The learned continuous values are derived from empirical data (ECCC, MorphoLex, CMU) through a documented statistical procedure. The result is an original data product of Neumann's Workshop LLC with full provenance transparency.
| Component | License | Notes |
|---|---|---|
| Hayes matrix | Original work | Scientific fact, page-level citations |
| ECCC | CC-BY 4.0 | Attribution required |
| MorphoLex | Academic open | Citation required |
| CMU Dict | BSD | Open |
| Learned vectors | Original work | Derived from above via documented procedure |
11. References¶
- Baayen, R. H., Piepenbrock, R., & Gulikers, L. (1995). The CELEX Lexical Database (Release 2). Linguistic Data Consortium.

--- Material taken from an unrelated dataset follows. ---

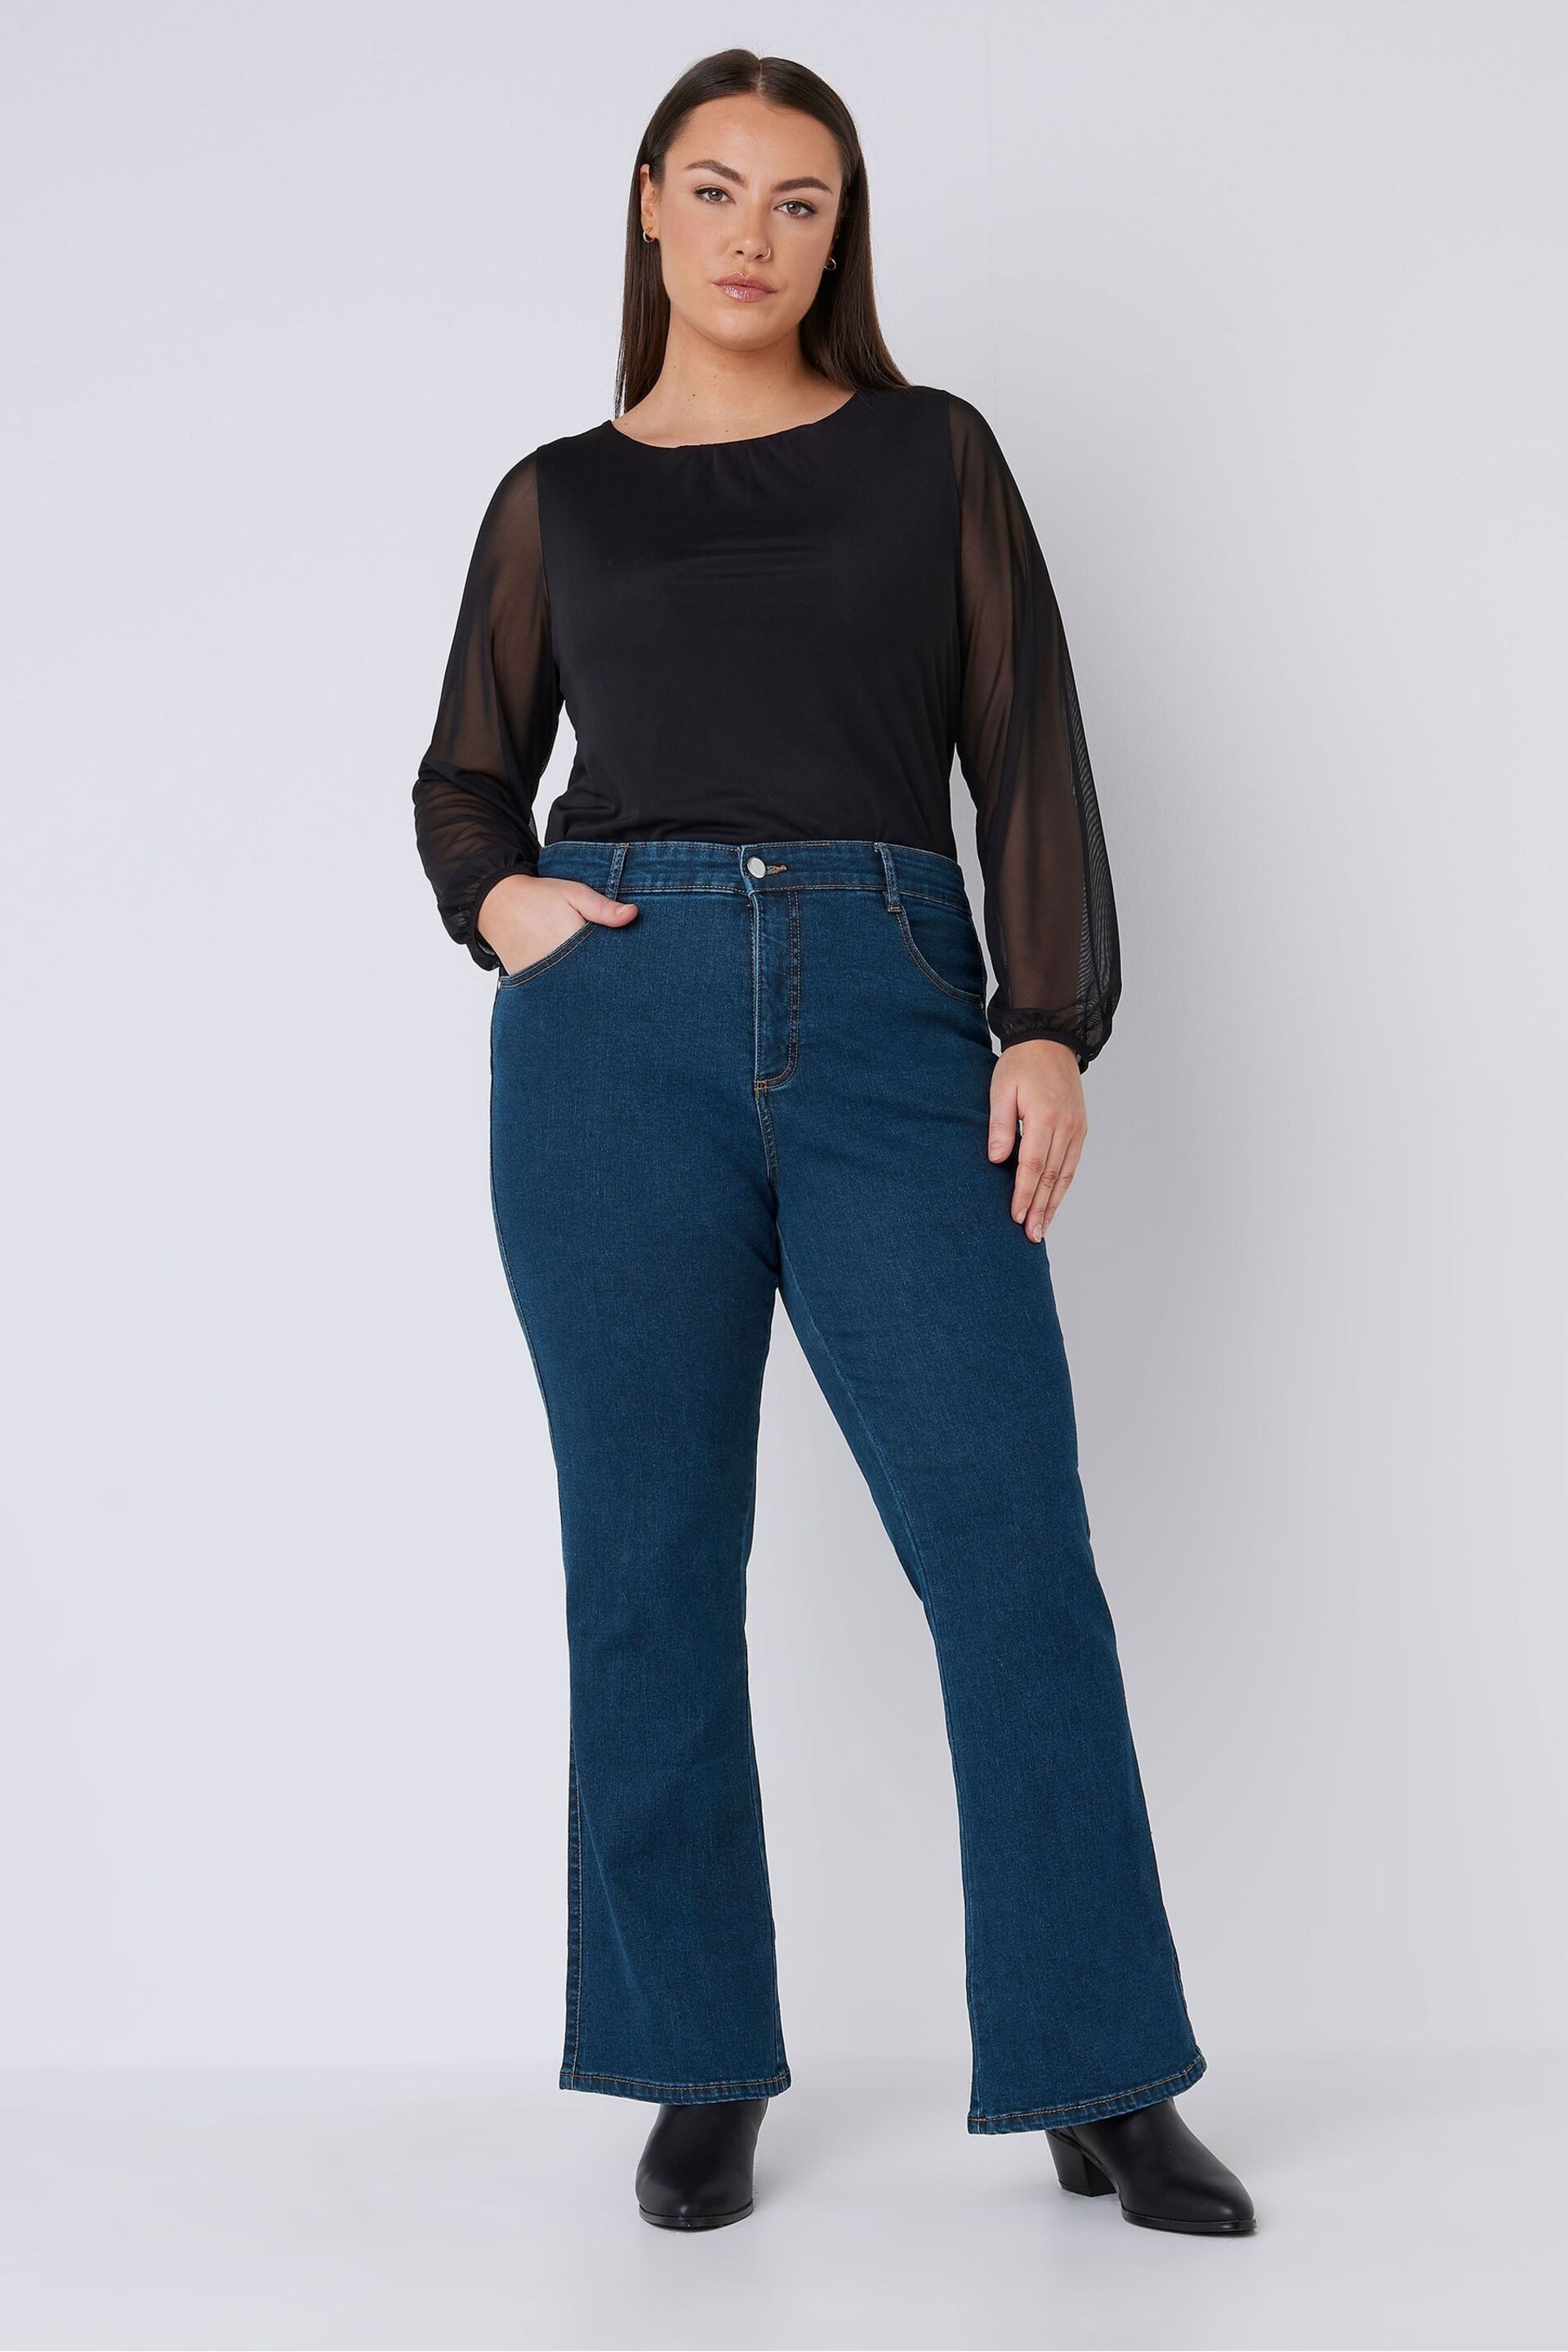 Evans Curve Fit Bootcut Ground Jeans - Image 2 of 5

- Chomsky, N. & Halle, M. (1968). The Sound Pattern of English. Harper & Row.
- Cutler, A., Weber, A., Smits, R., & Cooper, N. (2004). Patterns of English phoneme confusions by native and non-native listeners. JASA, 116(6), 3668–3678.
- Hayes, B. (2009). Introductory Phonology. Wiley-Blackwell.
- Miller, G. A. & Nicely, P. E. (1955). An analysis of perceptual confusions among some English consonants. JASA, 27(2), 338–352.
- Moran, S. & McCloy, D. (eds.) (2019). PHOIBLE 2.0. Max Planck Institute for the Science of Human History.
- Sanchez-Gutierrez, C. H., Mailhot, H., Deacon, S. H., & Wilson, M. A. (2018). MorphoLex: A derivational morphological database for 70,000 English words. Behavior Research Methods, 50(4), 1568–1580.